While acknowledging the high stakes of the CPS issues on the November ballot, the CFT does not plan any traditional paid media advertising before Election Day.

The video might have been a little too viral. Kraus and Horowitz both say they were surprised to learn that the Enquirer had quoted the video in an article published Wednesday morning, before the e-mail blast.

Mitt's early start in Ohio

Granted, Ohio is not a top priority for any of the presidential candidates, Democratic or Republican, with its March primary likely to be a so-what affair.

But, nonetheless, Mitt Romney is light years ahead of the opposition when it comes to building a general-election campaign here.

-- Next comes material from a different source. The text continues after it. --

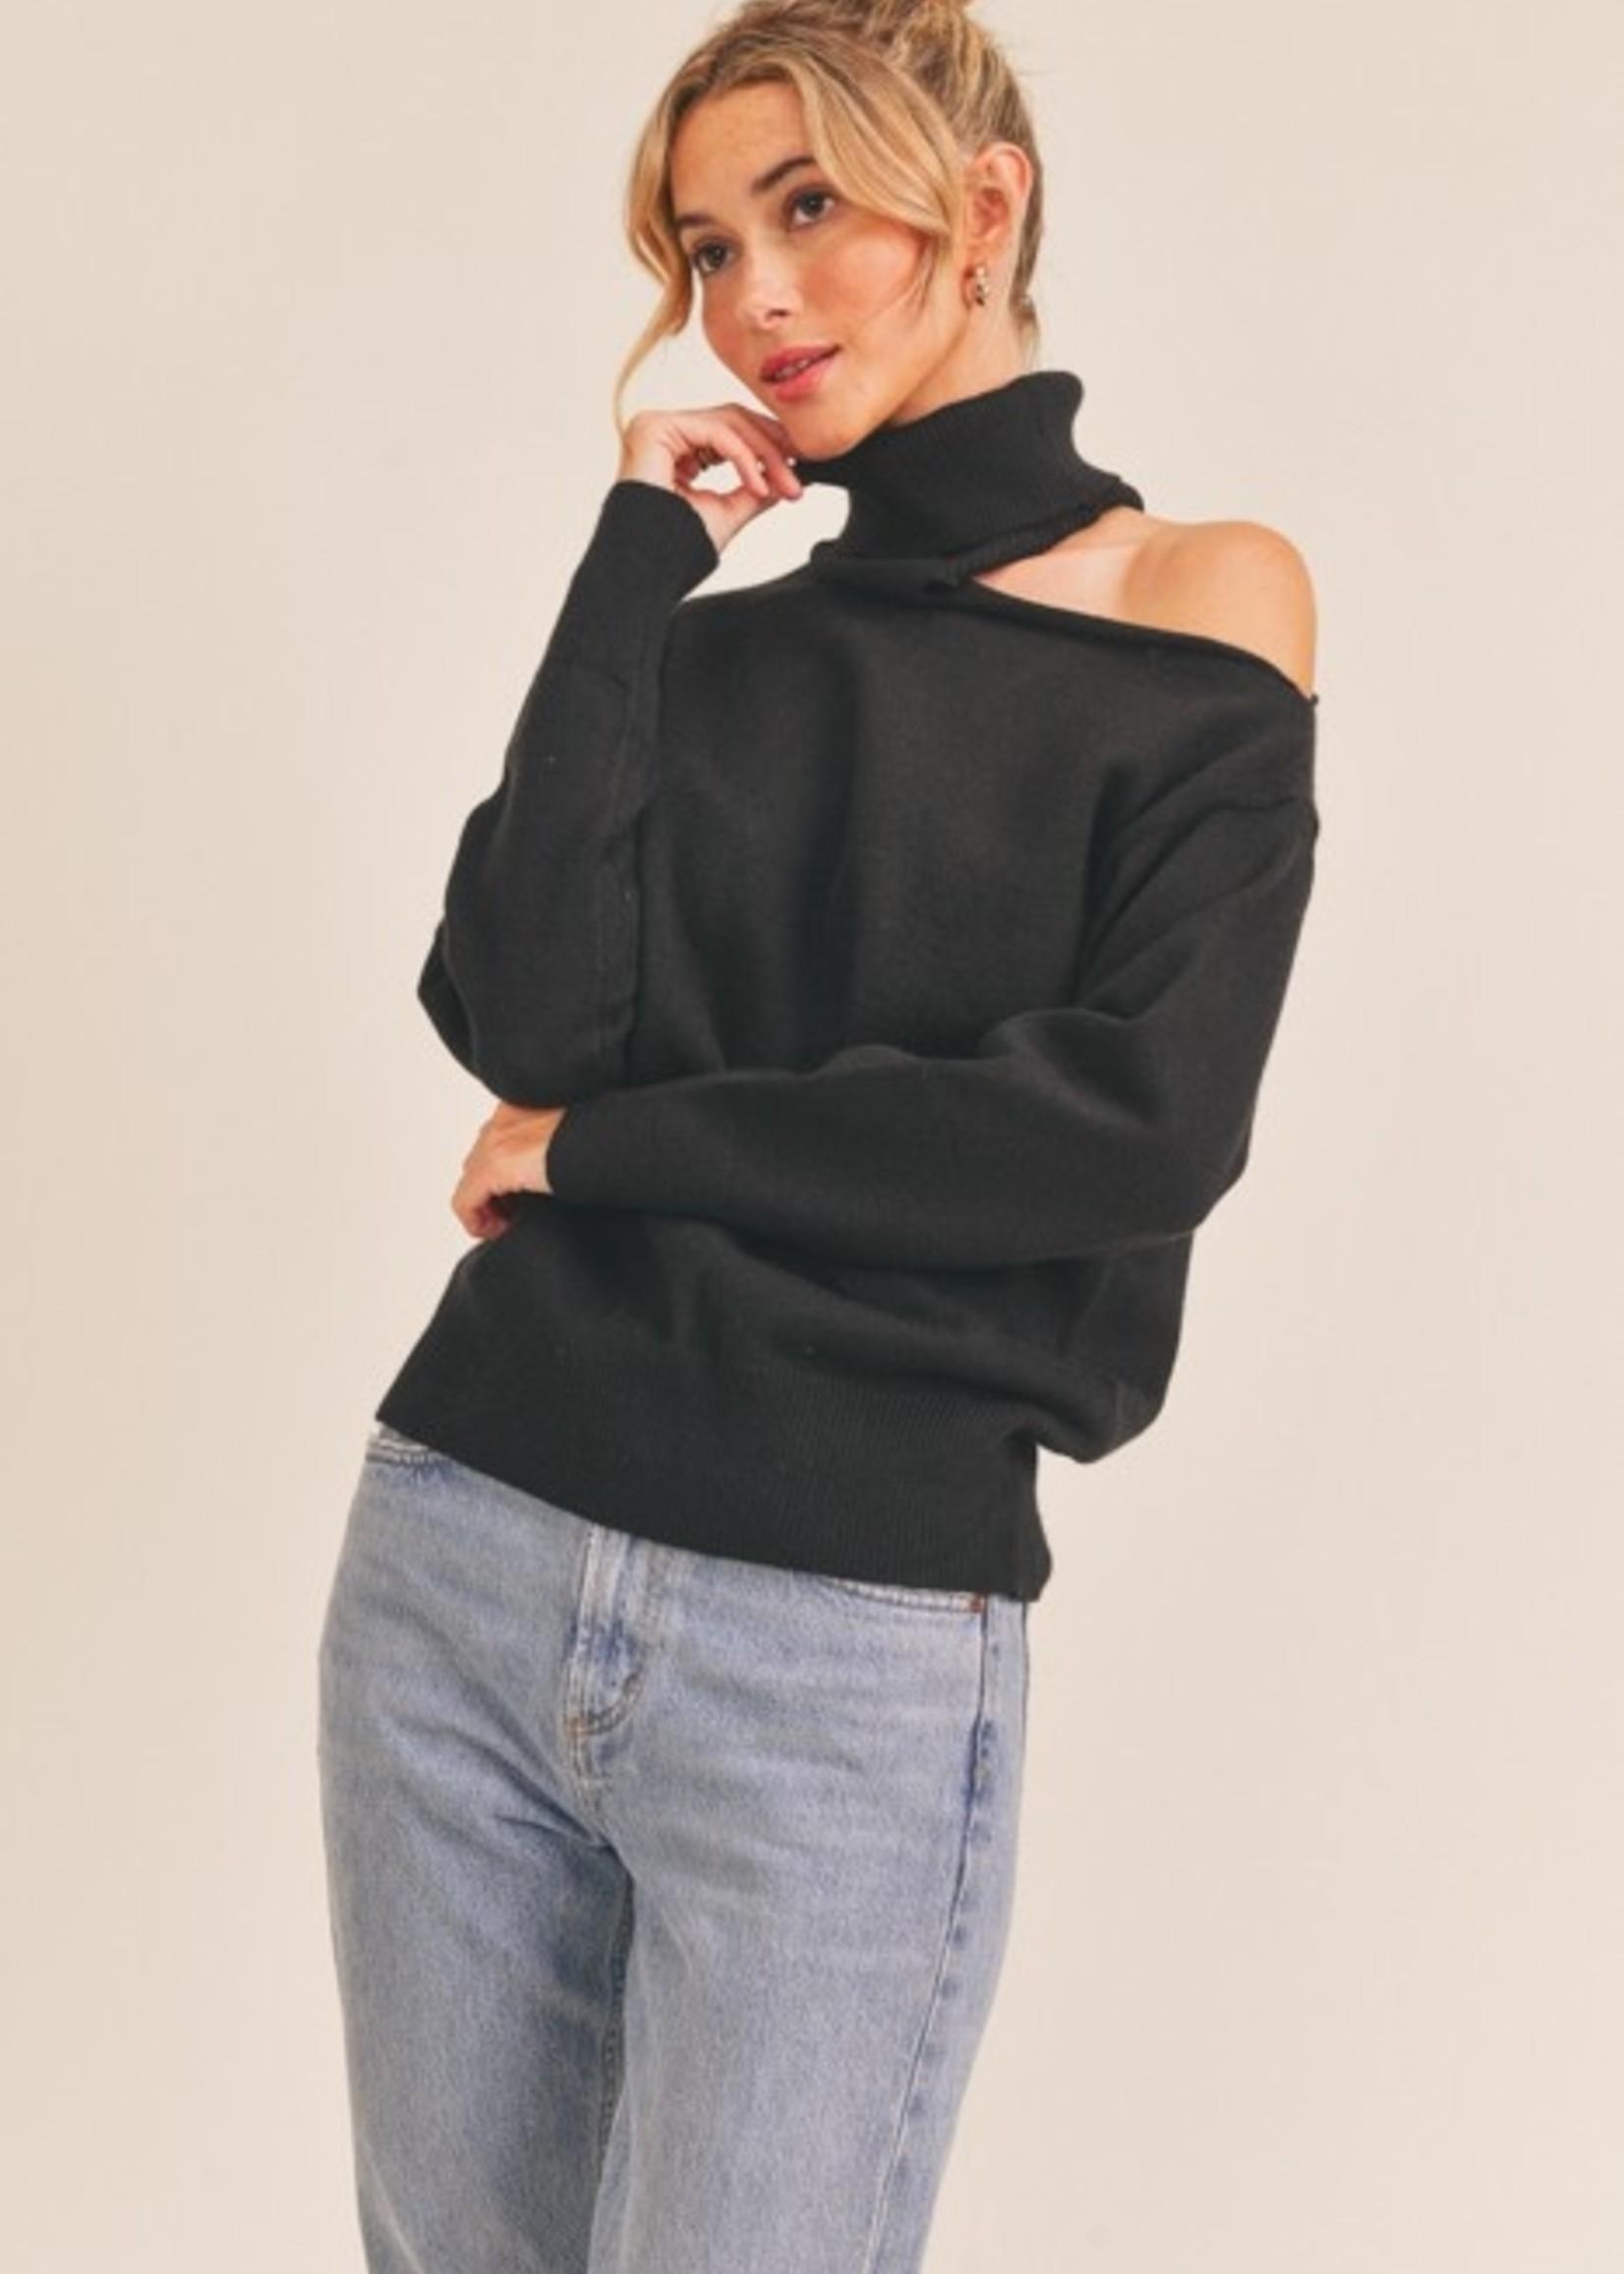 Lush Cutout Turtleneck Sweater - Black

It's one of his best fundraising states, thanks to Carl and Craig Lindner, the Pied Pipers of GOP fundraising who signed on with Mitt early and brought a lot of their corporate buddies with them.

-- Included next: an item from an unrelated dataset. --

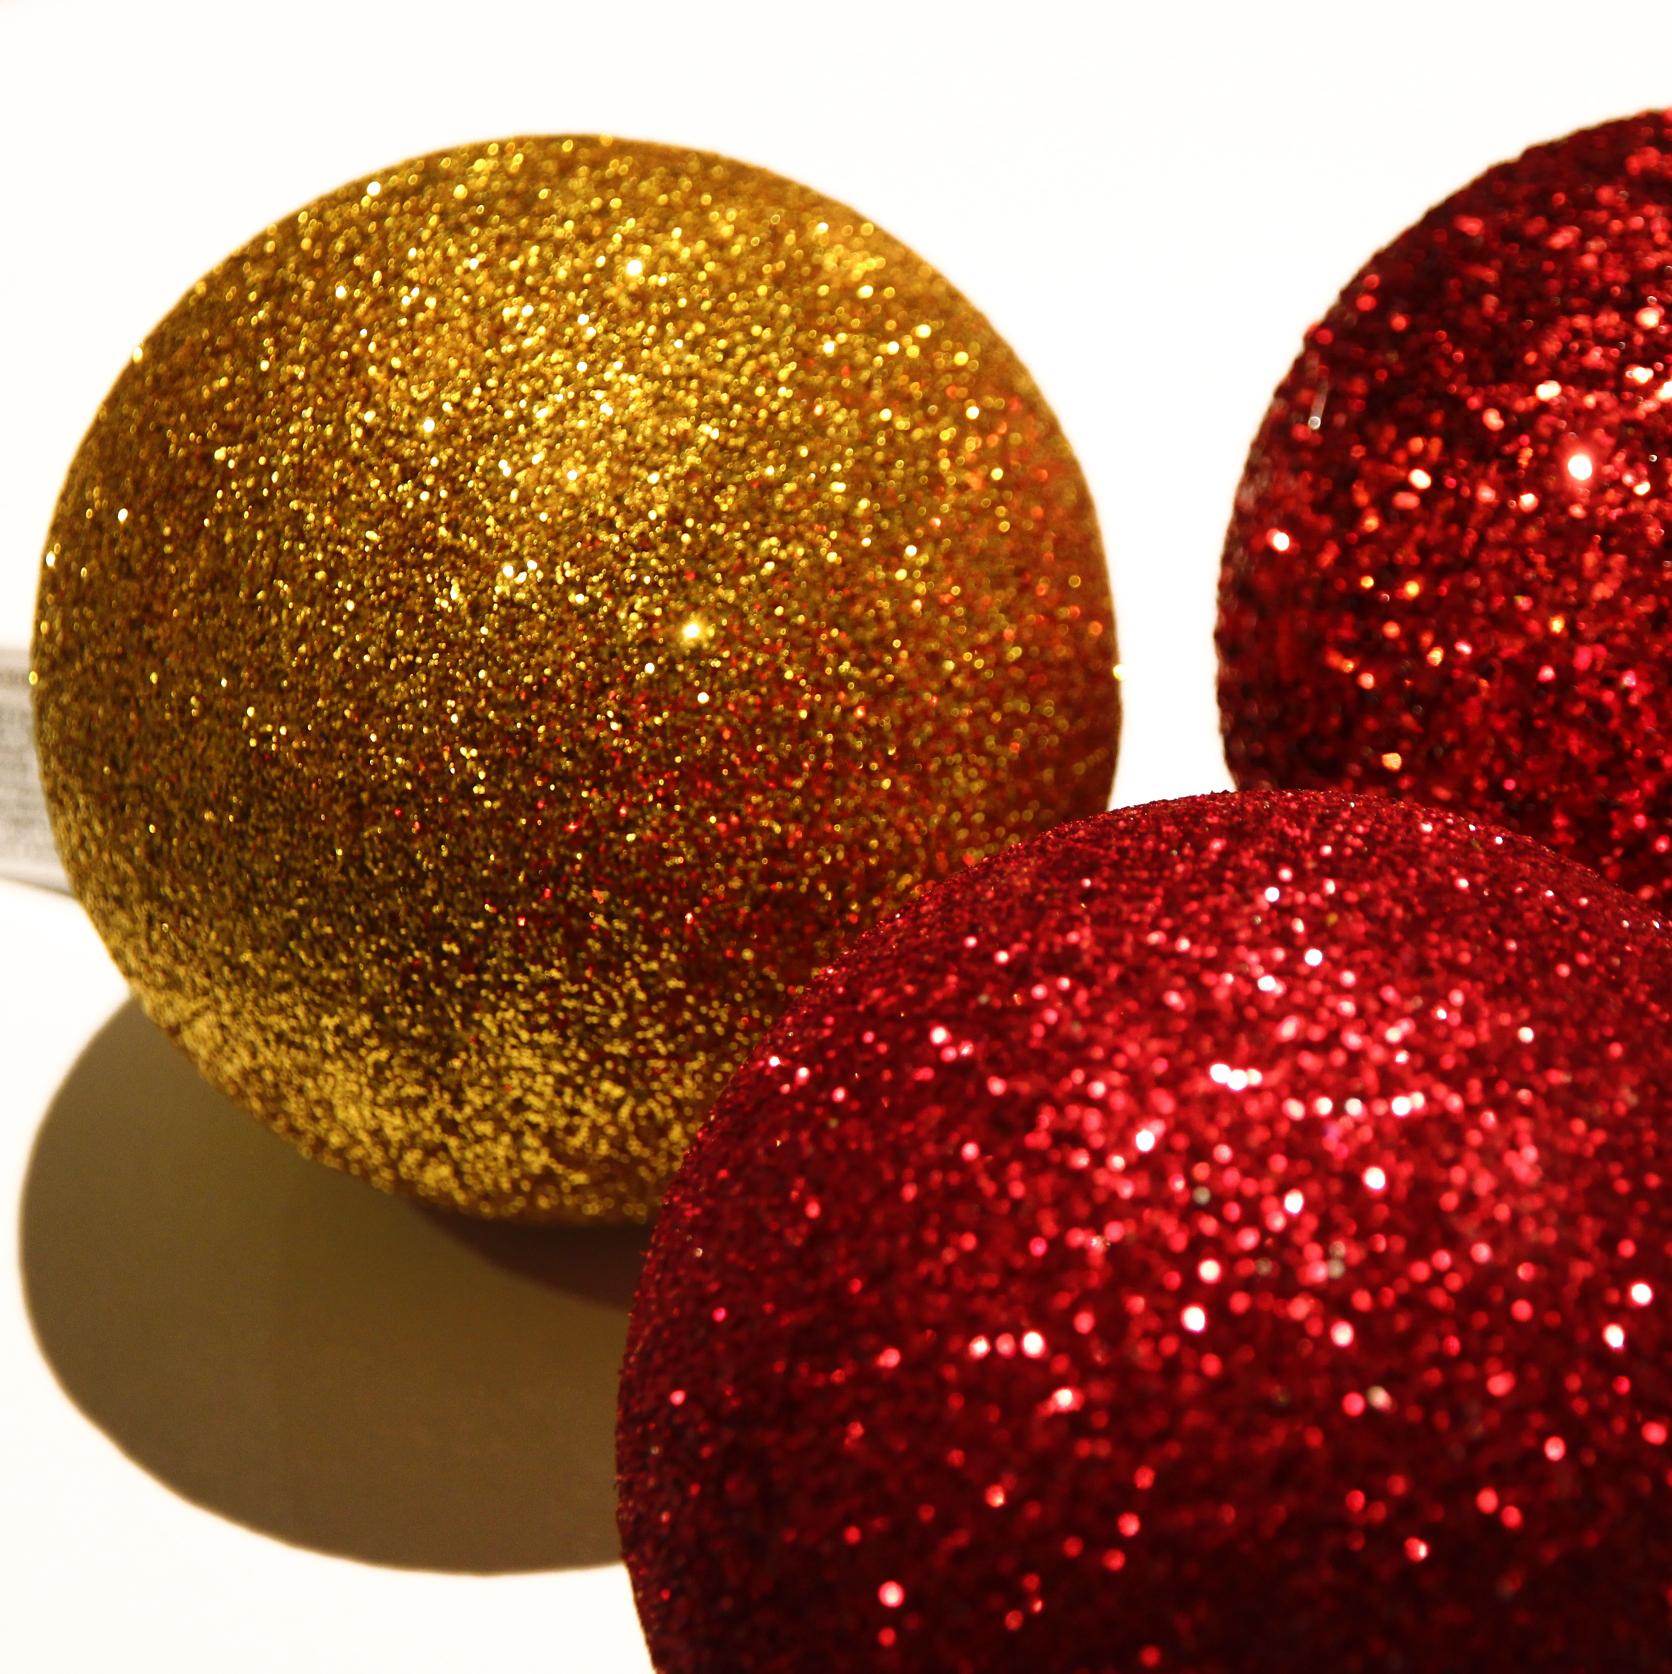 шары из пенопласта,  шары новогодние из пенопласта

Romney's campaign has also signed on two state legislators from opposite ends of the state to tout his candidacy - State Sen. Kevin Coughlin of Cuyahoga Falls to handle the north end of the state, State Rep. Shannon Jones of Springboro to handle Ohio south of Interstate 70.

The latest news from the Romney camp is that they have signed on a veteran GOP operator as their Ohio state campaign director - David Gallagher, who helped elect Mike DeWine to the U.S. Senate and was part of the Bush-Cheney team that won Ohio in 2004.

Gallagher has been working on GOP campaigns in Nevada for the past couple of years.

The only other GOP candidate to have a high-profile endorsement in Ohio is John McCain, whose state campaign chairman will be DeWine, his former Senate buddy. But there is no hint of any kind of McCain campaign organization in Ohio. Nor for any of the other GOP contenders.

Better get crackin'. Mitt's starting to suck all the air out of the room.

Wednesday, October 17, 2007

Goering becomes target

Things got a little ugly on the sales tax front Wednesday when Hamilton County Treasurer Rob Goering, a Republican, announced he was against the jail sales tax increase.

He might have just as well posted a target on his forehead.

The ugliness started in the morning when opposition camp chairman Jason Gloyd put out the press release, announcing Goering is encouraging a "no" vote. It included an expected quote from Goering "The commissioners want to have lots of extra funds to spend on who knows what... I can't figure it out and I don't think voters can either."

And Gloyd noted the treasurer "took the time to carefully analyze the jail tax proposal and concluded-- as each of us has -- that this is a super-sized jail tax that we simply cannot afford."
Not so, said Commissioner David Pepper, a Democrat.

"He doesn't know the details of the plan. He's not asked one question about this," Pepper said. "He doesn't want to meet and discuss it. It's all politics. Those who have asked (for details) have supported it."

Commissioner Todd Portune, also a Democrat, went a little further.

"He's attempting to deflect attention from his (shortcomings,)" Portune said. "He's ... contributed to the county's fiscal problems by letting delinquent taxes rise to an unprecedented level. It's political grandstanding at its worst."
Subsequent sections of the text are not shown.